Arquint Hill, Beendigung der Anwesenheit, Entfernung und Fernhaltung, in Peter Uebersax

et al., Ausländerrecht, 2ème éd., Bâle 2009, n° 8.64 ss pp. 349 ss),

le renvoi sans décision formelle concerne les étrangers qui n’ont pas

d’autorisation alors qu’ils y sont tenus (art. 64 al. 1 let. a

LEtr). Le renvoi n’est alors que la mise en œuvre d’une obligation légale

immédiatement exécutoire (cf. Nicolas Wisard, Les renvois et leur exécution en

droit des étrangers, thèse Genève 1997, n° 4.1.2 pp. 101 s.; arrêt

PE.2010.0361 du 23 août 2010).

L’art. 11 LEtr exige que tout

étranger qui entend exercer en Suisse une activité lucrative doit être

titulaire d’une autorisation, quelle que soit la durée de son séjour.

b) En l’espèce, le recourant

séjourne et travaille en Suisse depuis vingt ans sans aucune autorisation, à

l'exception d'une première autorisation de courte durée qu'il avait obtenue en

1991.

Les motifs invoqués par le

recourant liés à la présence de sa famille en Suisse et à sa volonté de vivre à

ses côtés ont pour leur part trait à la question de l’octroi d’une éventuelle

autorisation qui dépasse le cadre de la décision attaquée et l’objet du présent

litige. Le recourant prétend avoir adressé à l'autorité intimée le 6 mai

2010.

une demande de regroupement familial, ce que cette dernière dément. Aucune

pièce ne figure au dossier qui tendrait à démontrer qu'une telle demande a été

formulée; pour sa part, le recourant n'a produit aucune preuve prouvant cette

allégation. Quoi qu'il en soit, il n'appartient pas au tribunal de céans

d'examiner les conditions d'octroi d'une autorisation de séjour en l'absence de

décision de l'autorité intimée à ce sujet. Le recourant devrait ainsi

formellement déposer une telle demande, ou, si comme il le prétend, il l'a déjà

fait, entamer des démarches en raison de la commission d'un éventuel déni de

justice par l'autorité intimée.

C’est ainsi à bon droit que

l’autorité intimée, en se référant à l’art. 64 LEtr, a ordonné le renvoi

du recourant qui se trouve en situation irrégulière.

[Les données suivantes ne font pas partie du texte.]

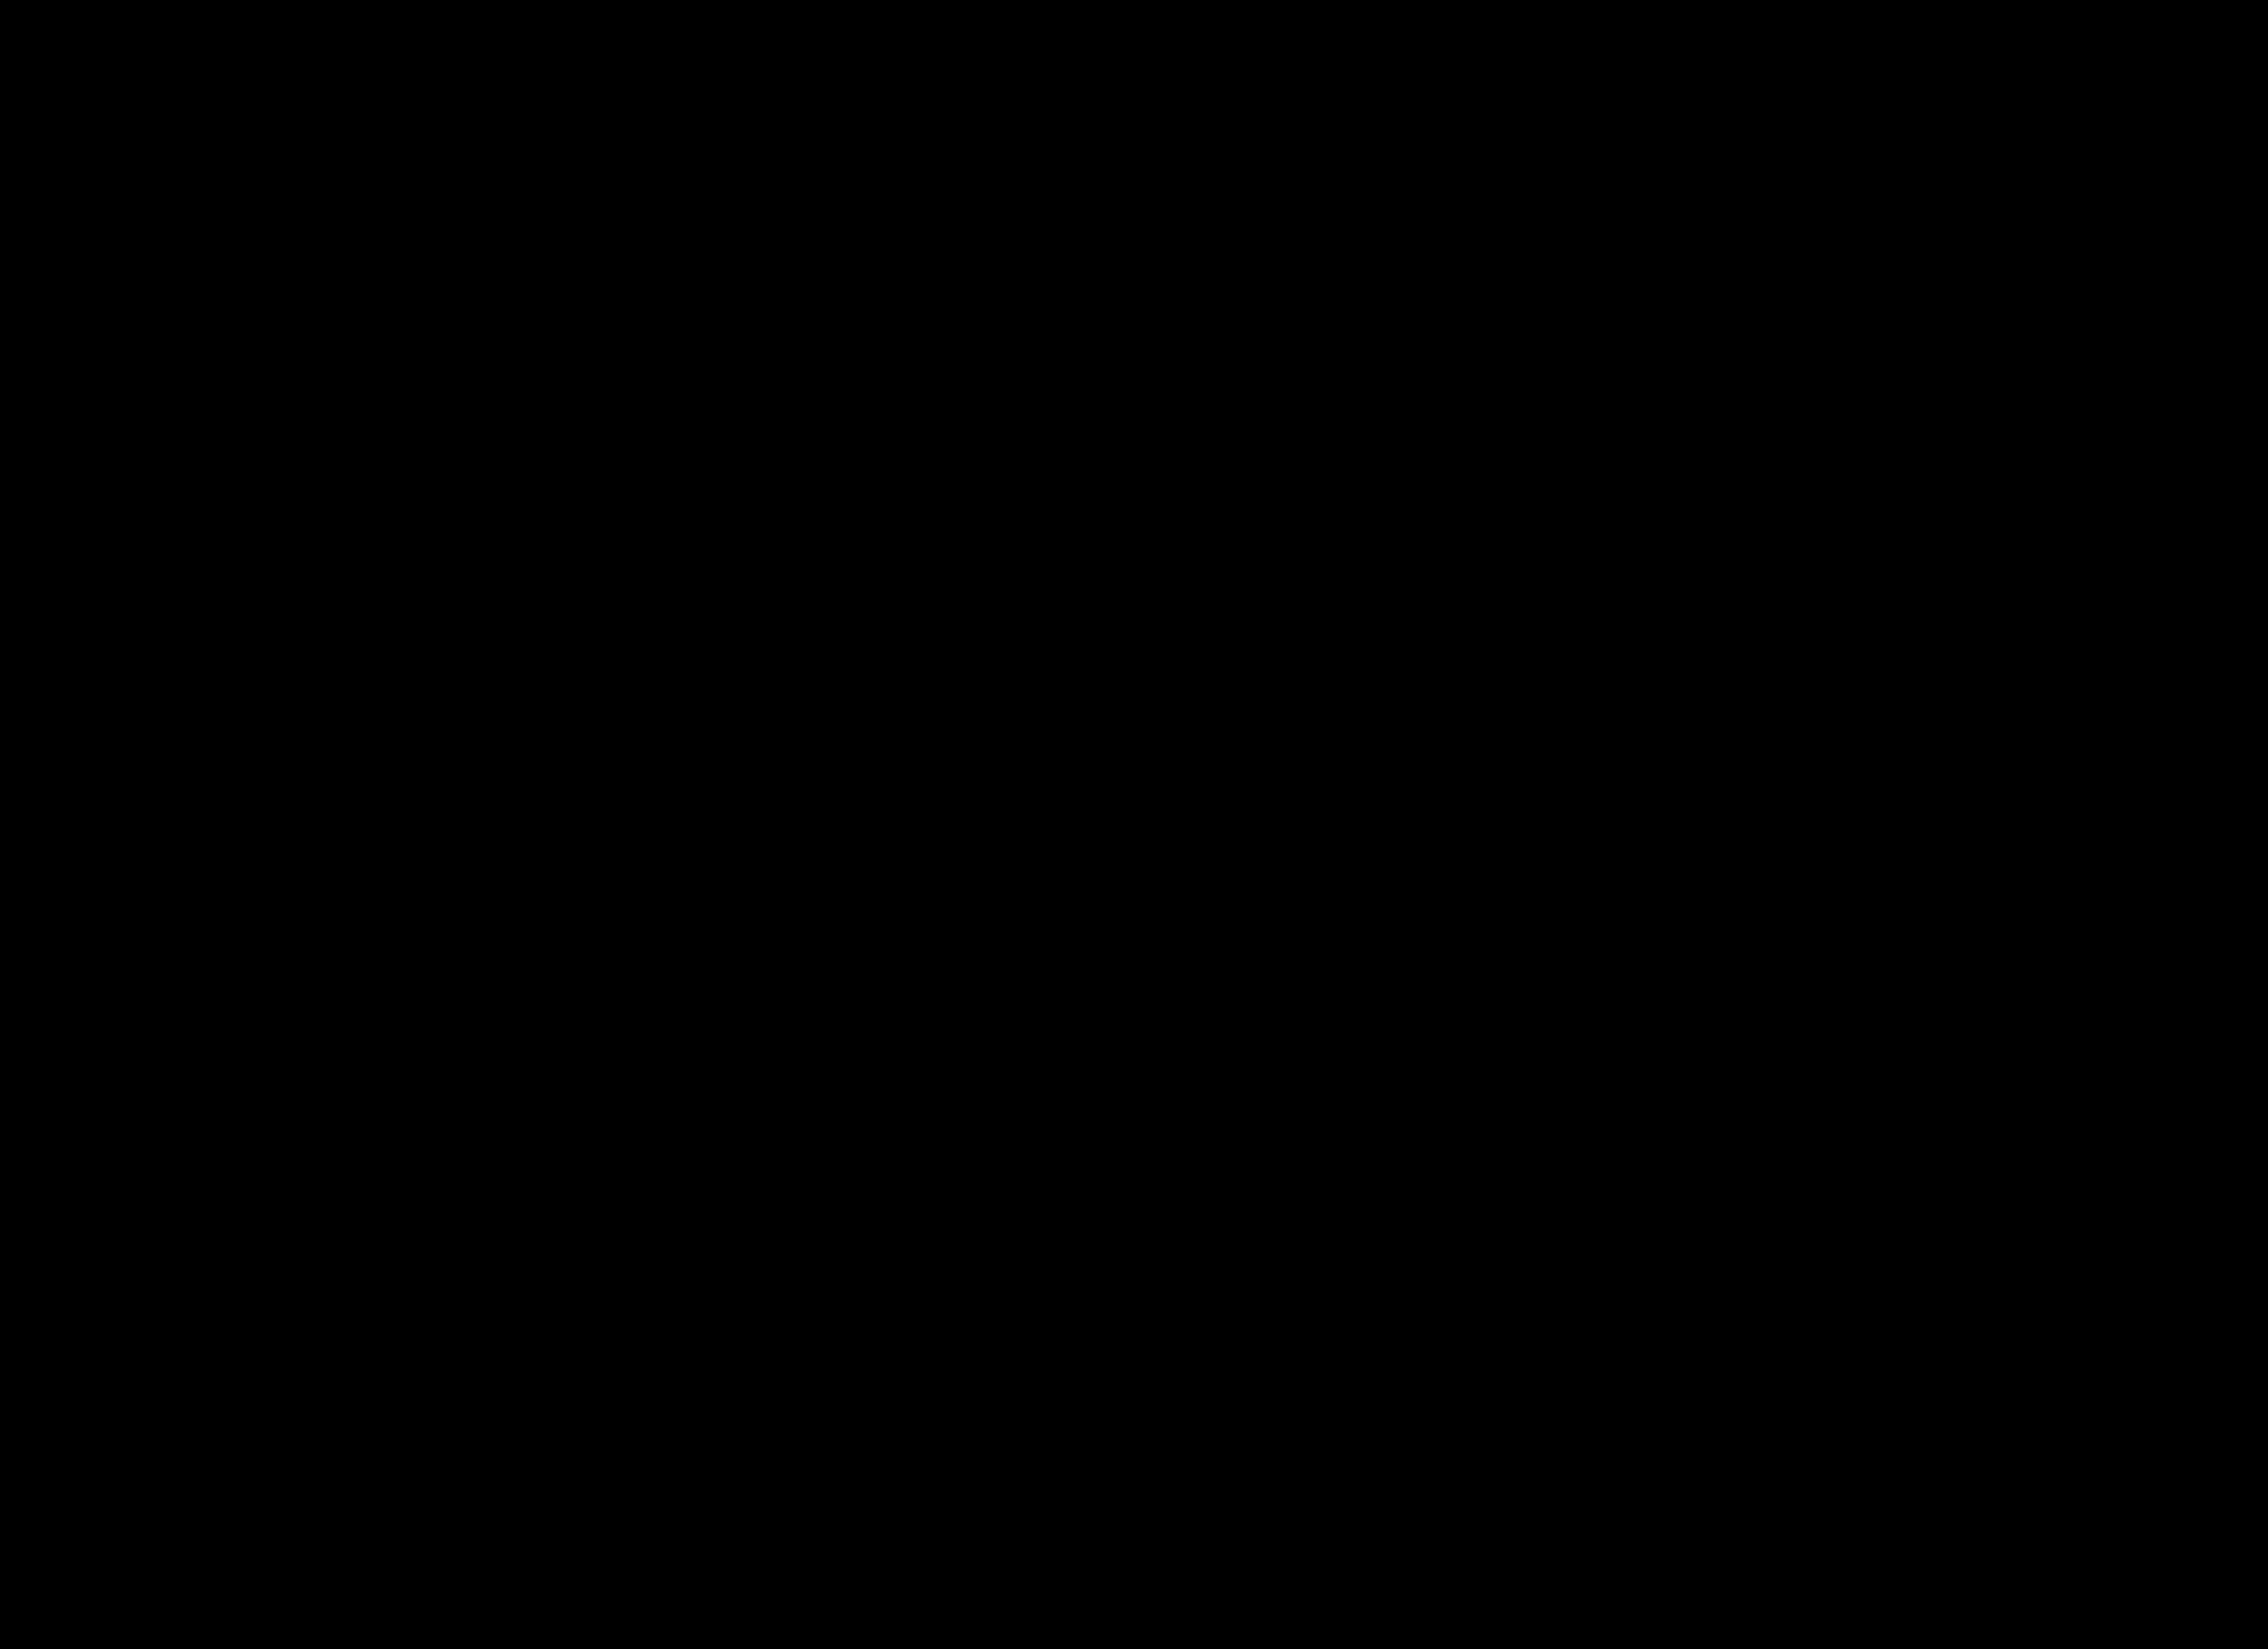 Fluttershy Umm Face Outline By Alloutlol

Il ne résulte en outre pas

du dossier qu’un renvoi serait en l’espèce pas possible, licite ou

raisonnablement exigible au sens de l’art. 83 LEtr. Le recourant ne

prétend pas non plus que son renvoi violerait l’art. 3 de la Convention du

4.

novembre 1950 de sauvegarde des droits de l’homme et des libertés

fondamentales (CEDH; RS 0.101) qui prohibe notamment les traitements

inhumains ou dégradants (cf. ATF 134 I 221 consid. 3.2.1 p. 226).

3.

Le recours doit ainsi être rejeté, aux frais du

recourant qui n’a pas droit à des dépens (art. 49, 55, 91 et 99 de la loi

du 28 octobre 2008 sur la procédure administrative - LPA;

RSV 173.36).

Dispositif

Par ces motifs

la Cour de droit administratif et public

du

Tribunal cantonal

arrête:

I.

Le recours est rejeté.

II.

La décision du Service de la population du

21 juillet 2010 est confirmée.

III.

Un émolument de 500 (cinq cents) francs est mis

à la charge de A. X.________.

IV.

Il n'est pas alloué de dépens.

Lausanne, le

4 octobre 2010

Le

président: La

greffière:

Le

présent arrêt est communiqué aux destinataires de l'avis d'envoi ci-joint,

ainsi qu’à l’ODM.

Il peut

faire l'objet, dans les trente jours suivant sa notification, d'un recours au

Tribunal fédéral. Le recours en matière de droit public s'exerce aux conditions

des articles 82 ss de la loi du 17 juin 2005 sur le Tribunal fédéral (LTF - RS

173.110), le recours constitutionnel subsidiaire à celles des articles 113 ss

LTF. Le mémoire de recours doit être rédigé dans une

langue officielle, indiquer les conclusions, les motifs et les moyens de

preuve, et être signé. Les motifs doivent exposer succinctement en quoi l’acte

attaqué viole le droit. Les pièces invoquées comme moyens de preuve doivent

être jointes au mémoire, pour autant qu’elles soient en mains de la partie; il

en va de même de la décision attaquée.